The rap game requires you to run a lot of offense to stay relevant, unless you’re already one of the immortalized few. Fetty Wap (albeit it from New Jersey) epitomizes the method. There was the commercial success of “Trap Queen,” closely followed by the club favorite “My Way,” and then the 4-peat struck with “679” and “Again” – but scrolling through Fetty’s Soundcloud pre-Taylor-Swift-endorsement  became an event in itself. Like standing in the gym and watching a really good rookie run shooting drills, some shots bricked, but most went in (even after rattling around the rim a bit). It felt like I was always hearing a new Fetty demo somewhere, which made me excited about any official release.

From Gucci Mane’s legendary mixtape run to now, Southern rap holds one of the most prolific bloodlines, measured best by how quickly its artists are able to master a certain technique and scale it as hip-hop’s dominant sound. That’s why when I first came across the HipHopDX article asking if Southern rap killed hip-hop, it smelled fishy. After all, these are the artists most concerned with setting the pace of the game while other regions simply follow suit. But after reading the piece, I realized the writer was making an inquiry similar to the Giants vs. Saints discussion: Is a faster, quicker, more offensive pace really better for the sport (music) in the long run? As someone who prefers basketball to football, I do tend to enjoy NFL games better when they’re higher scoring. The energy attracts periphery fans, but the undergirding fear, in both sports and music, is that it will destroy the best players in time.

Offense attracts more eyes, which means more money and packed arenas, for sporting events and concerts. At Powerhouse 2015, a concert held at Barclays Center, Kendrick Lamar was reportedly met by a half-empty arena once a large portion of the crowd left following Future’s performance. Although Kendrick had the final set, if we’re being honest, playing a bunch of Kendrick after Future might feel a bit like hack-a-Shaq-ing the turn up at a party, so just imagine a live show.

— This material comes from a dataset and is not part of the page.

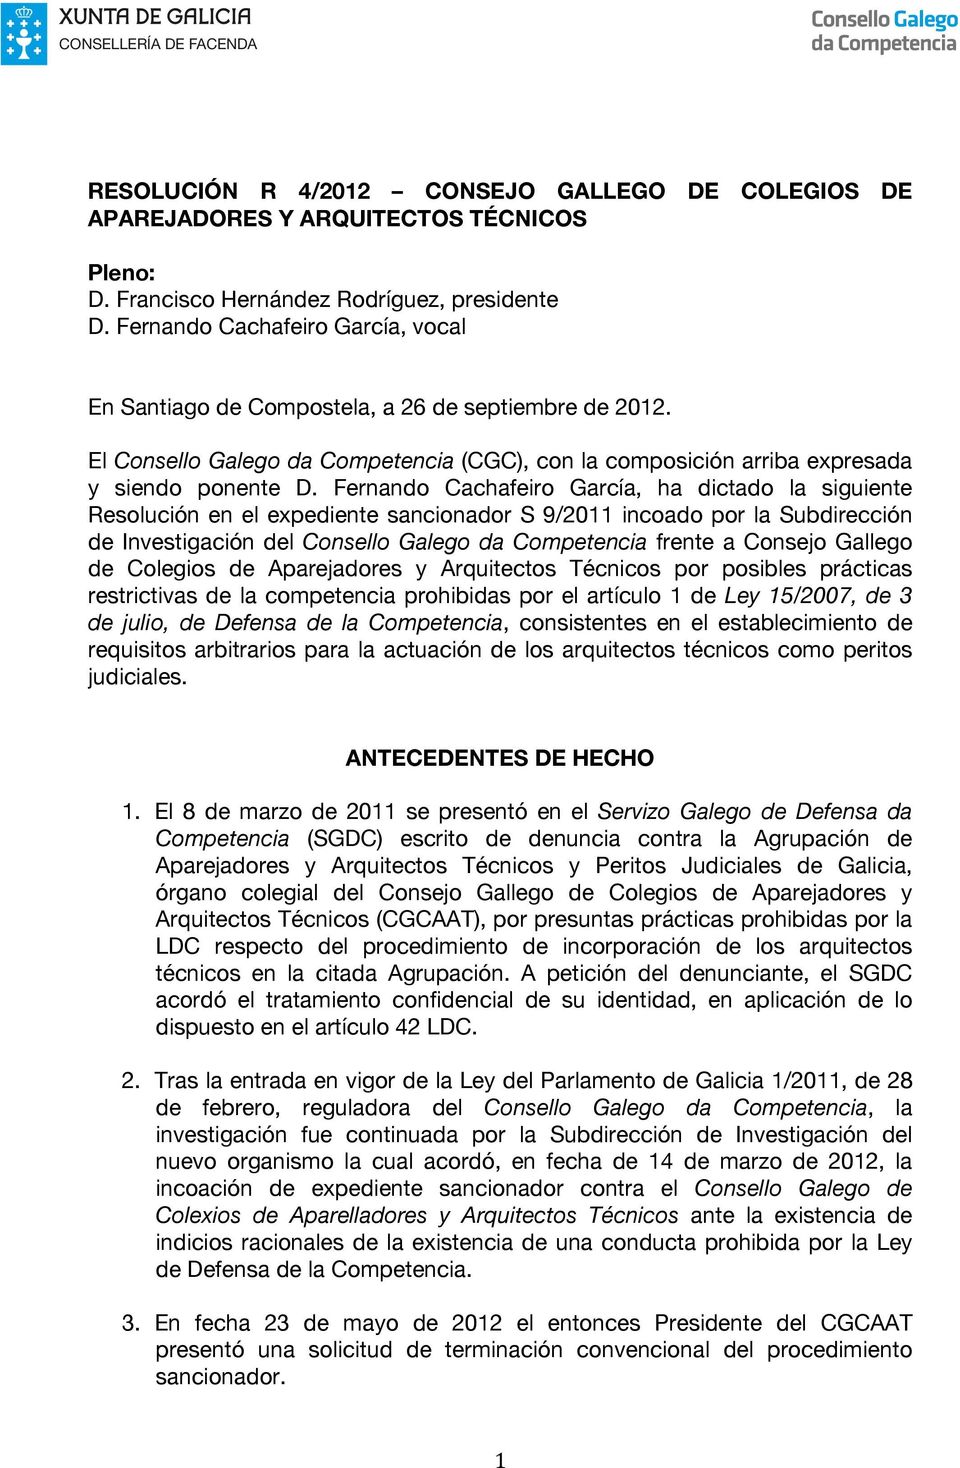 Fernando Cachafeiro García, ha dictado la siguiente Resolución en el expediente sancionador S 9/2011 incoado por la Subdirección de Investigación del Consello Galego da Competencia frente a Consejo

The run-and-gun style of today’s rap scene – specifically the Atlanta scene – might seem glib compared to the lyric-heavy stuff at times, but I remember feeling the same about fantasy sports before actually giving them a try. You can sit and argue that a system built around fast-trigger offense neglects the ”blood, sweat and tears” that go into a sport you’ve probably never played, that every “Skrrt!ad-lib contributes to hip-hop’s collective soullessness, or you revel in the fact that America’s favorite pastime is determined to score more hits than ever before.